- _DATA EXCERPT_
^^^^

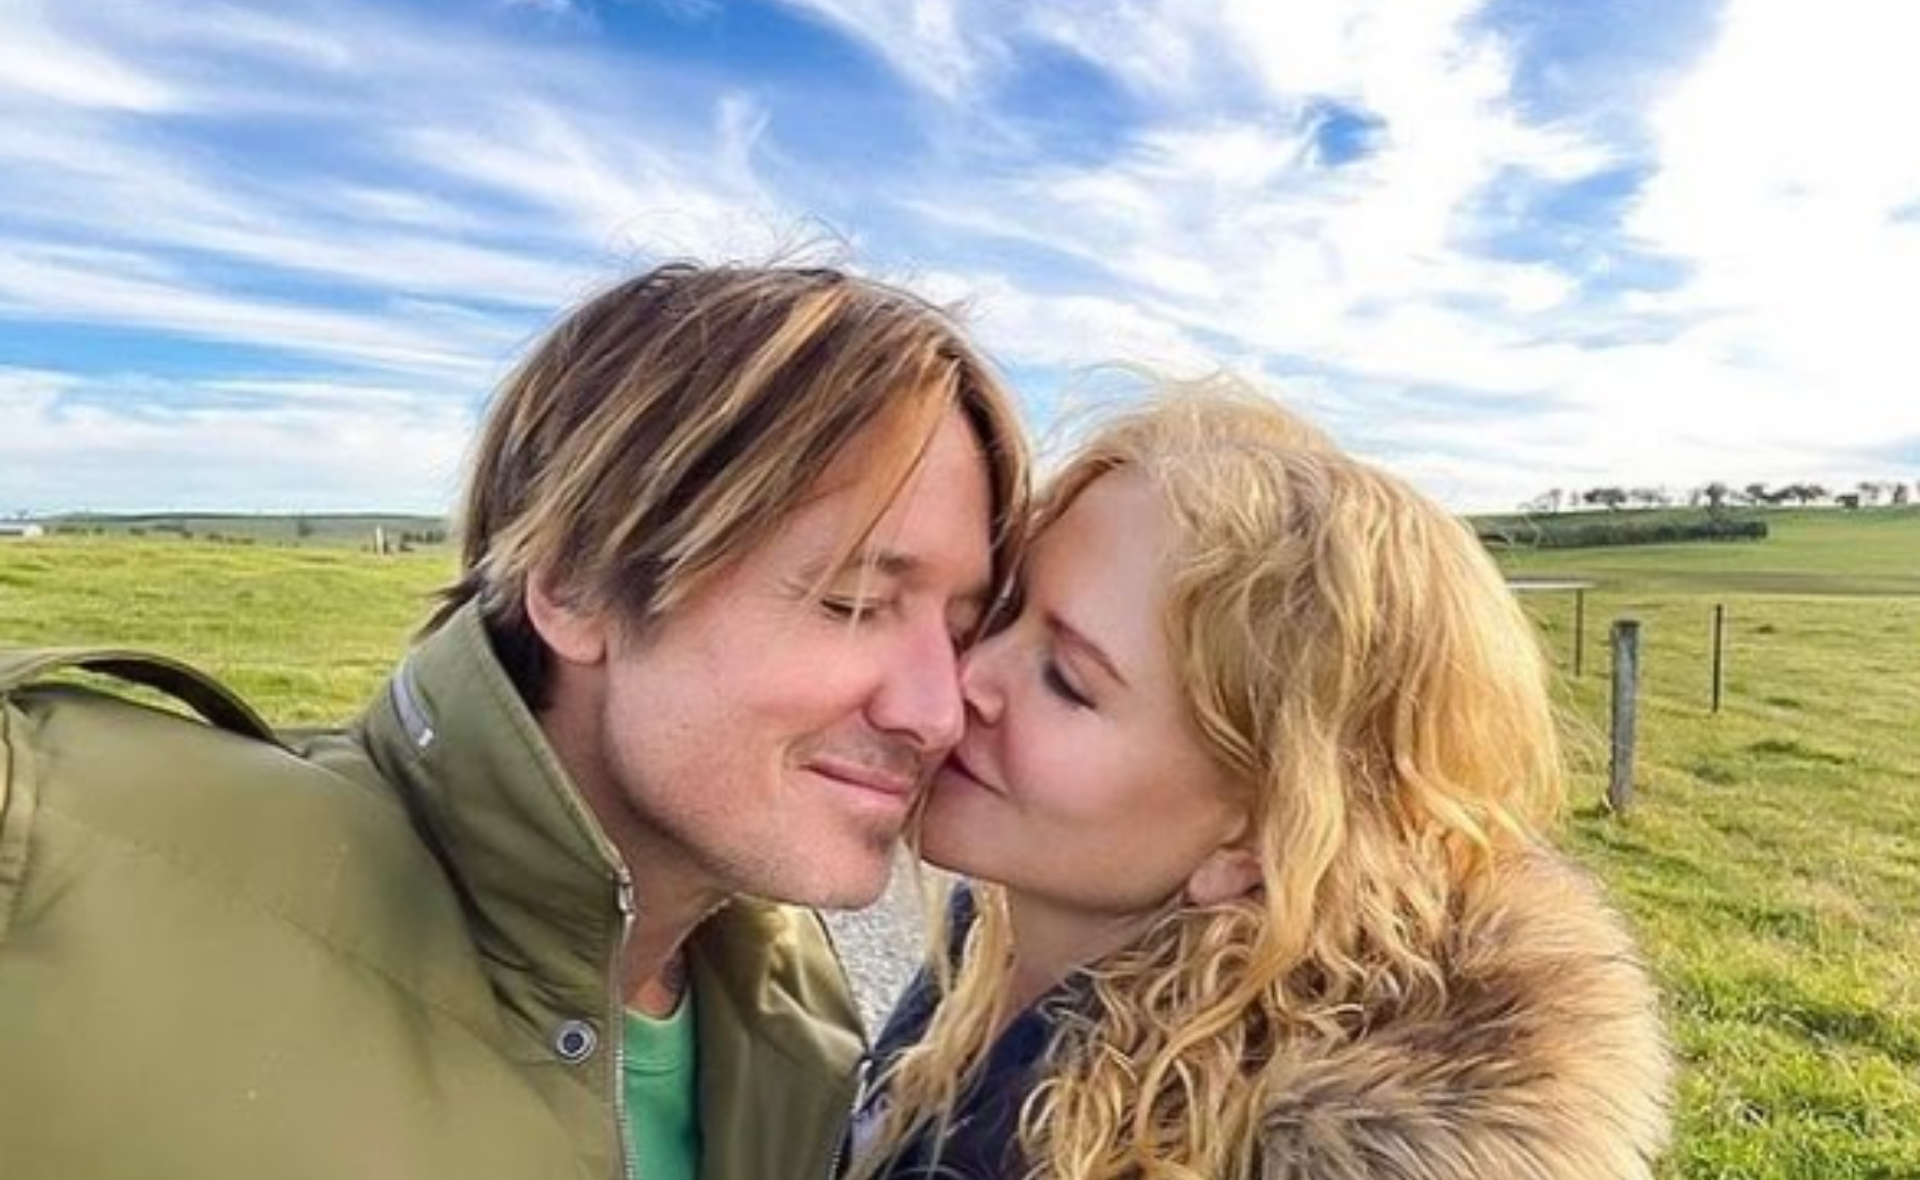 EXCLUSIVE: Why Keith Urban owes his “amazing life” to wife Nicole Kidman as he marks 15 years sober
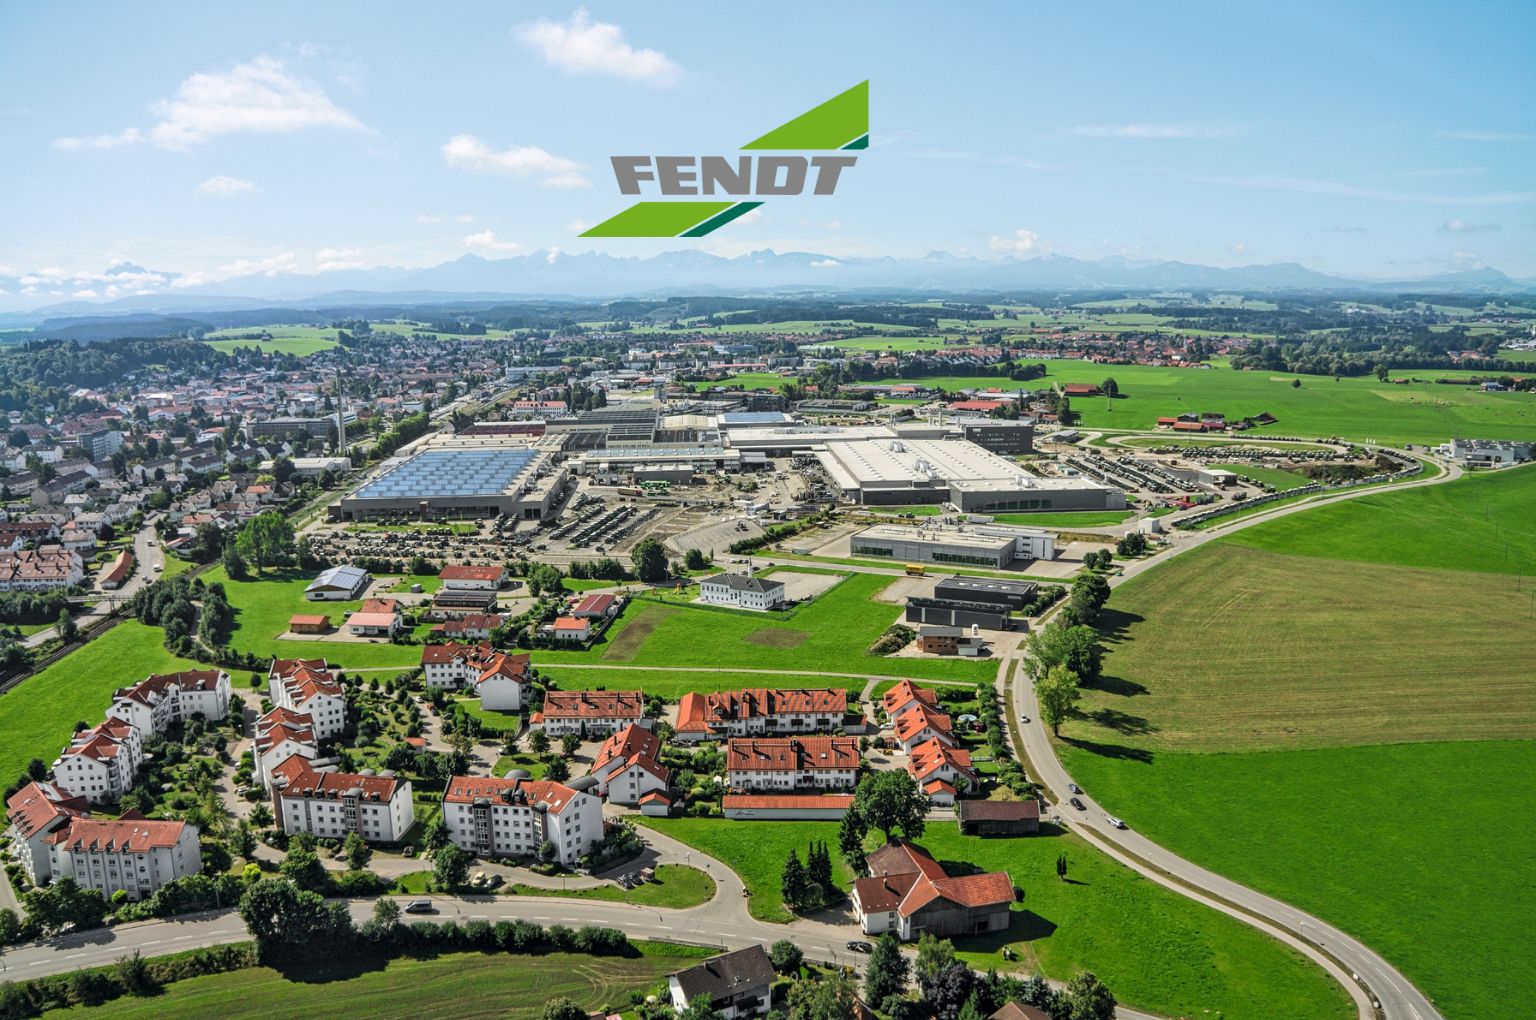 4,355 years working at Fendt
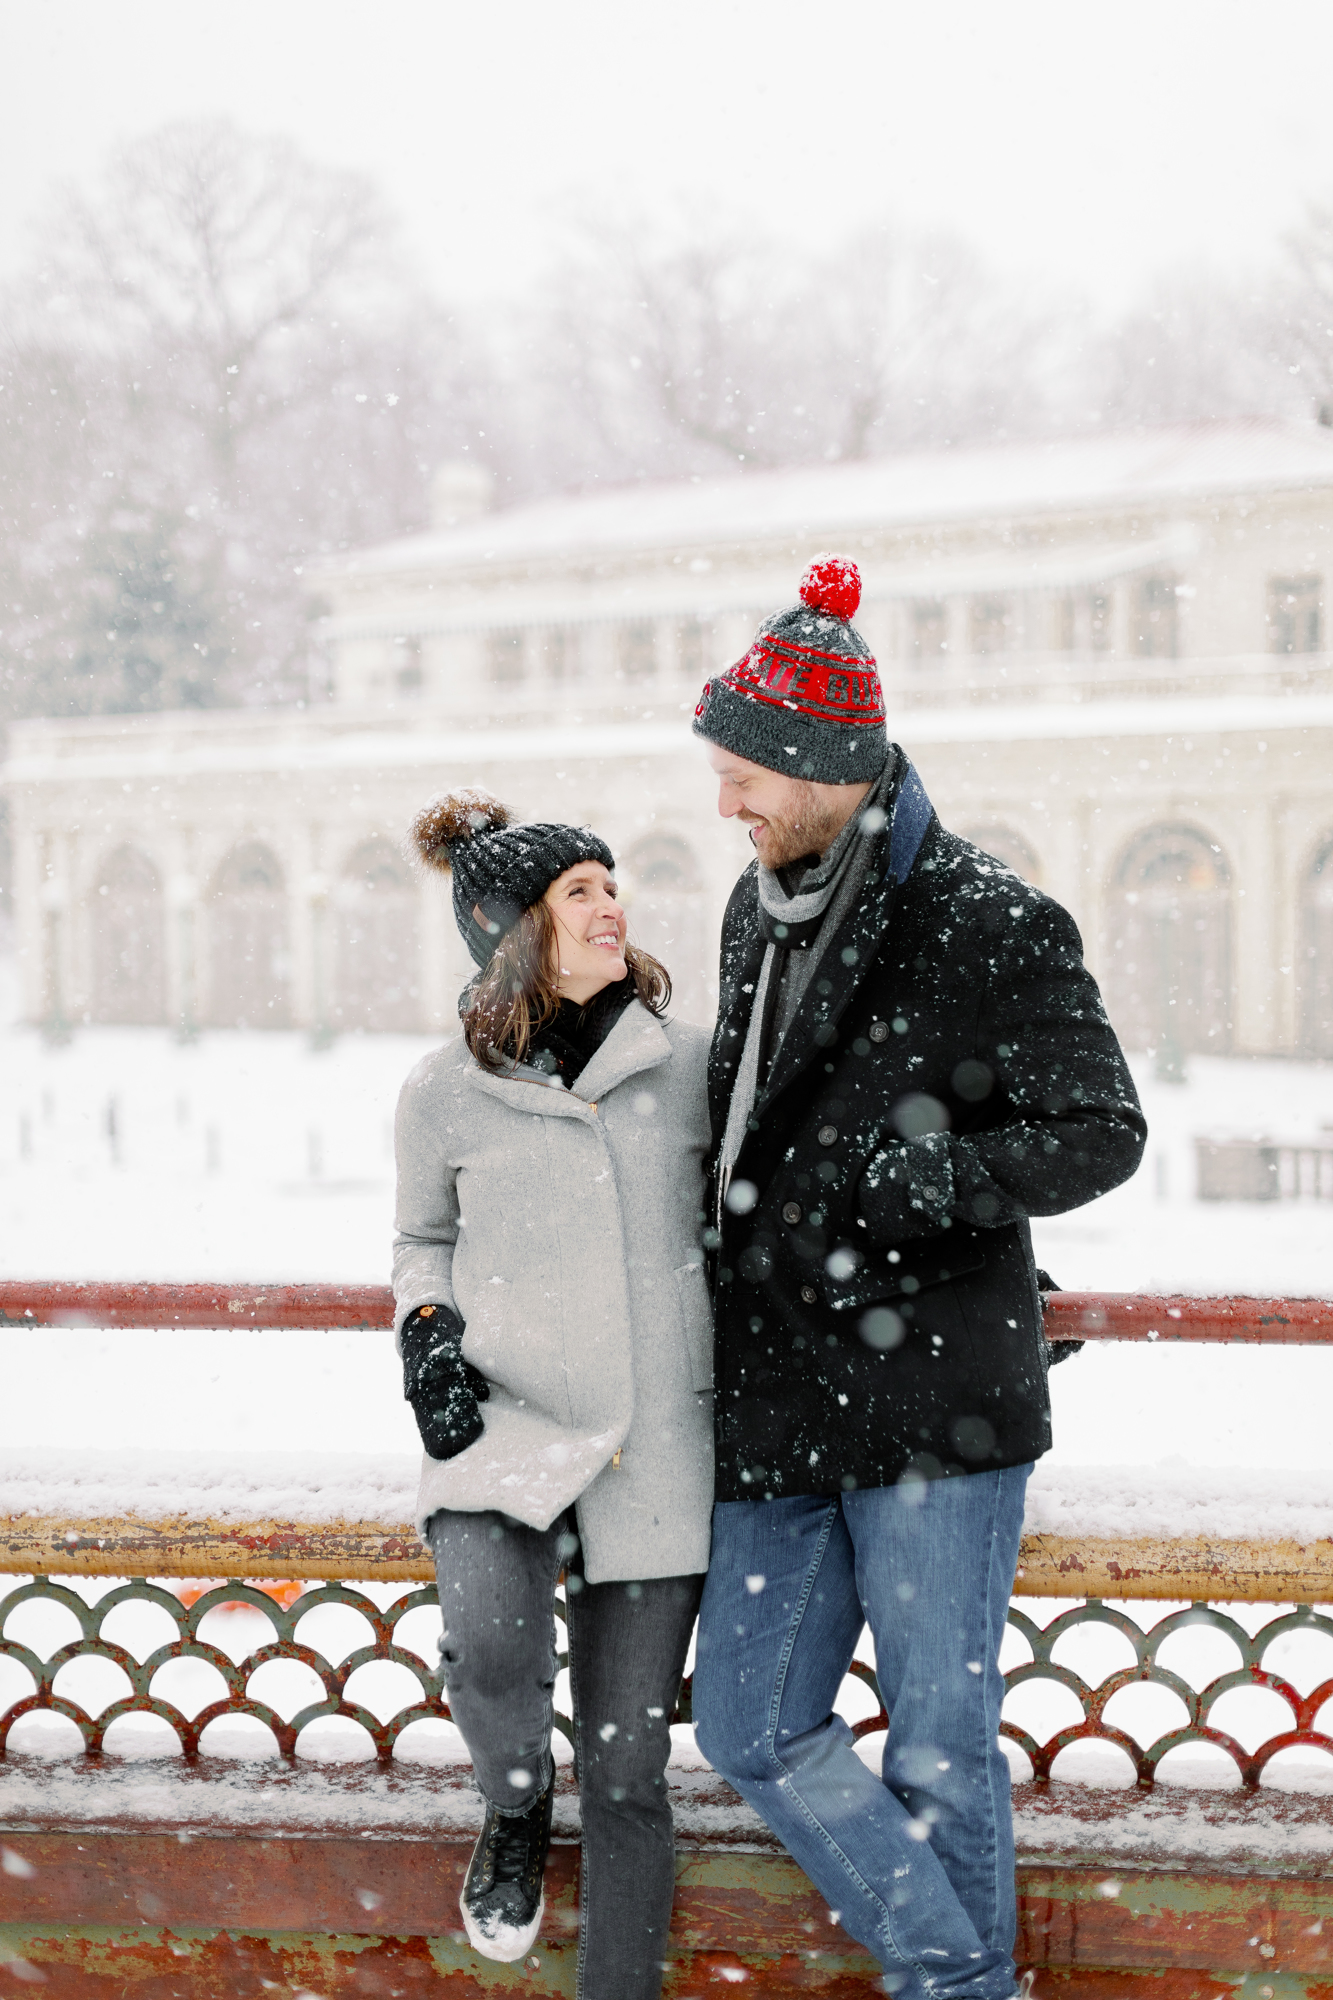 Idyllic and Snowy Engagement Photos in Prospect Park

^^^^

Repeat the data exactly. No pictures should appear.

 EXCLUSIVE: Why Keith Urban owes his “amazing life” to wife Nicole Kidman as he marks 15 years sober
 4,355 years working at Fendt
 Idyllic and Snowy Engagement Photos in Prospect Park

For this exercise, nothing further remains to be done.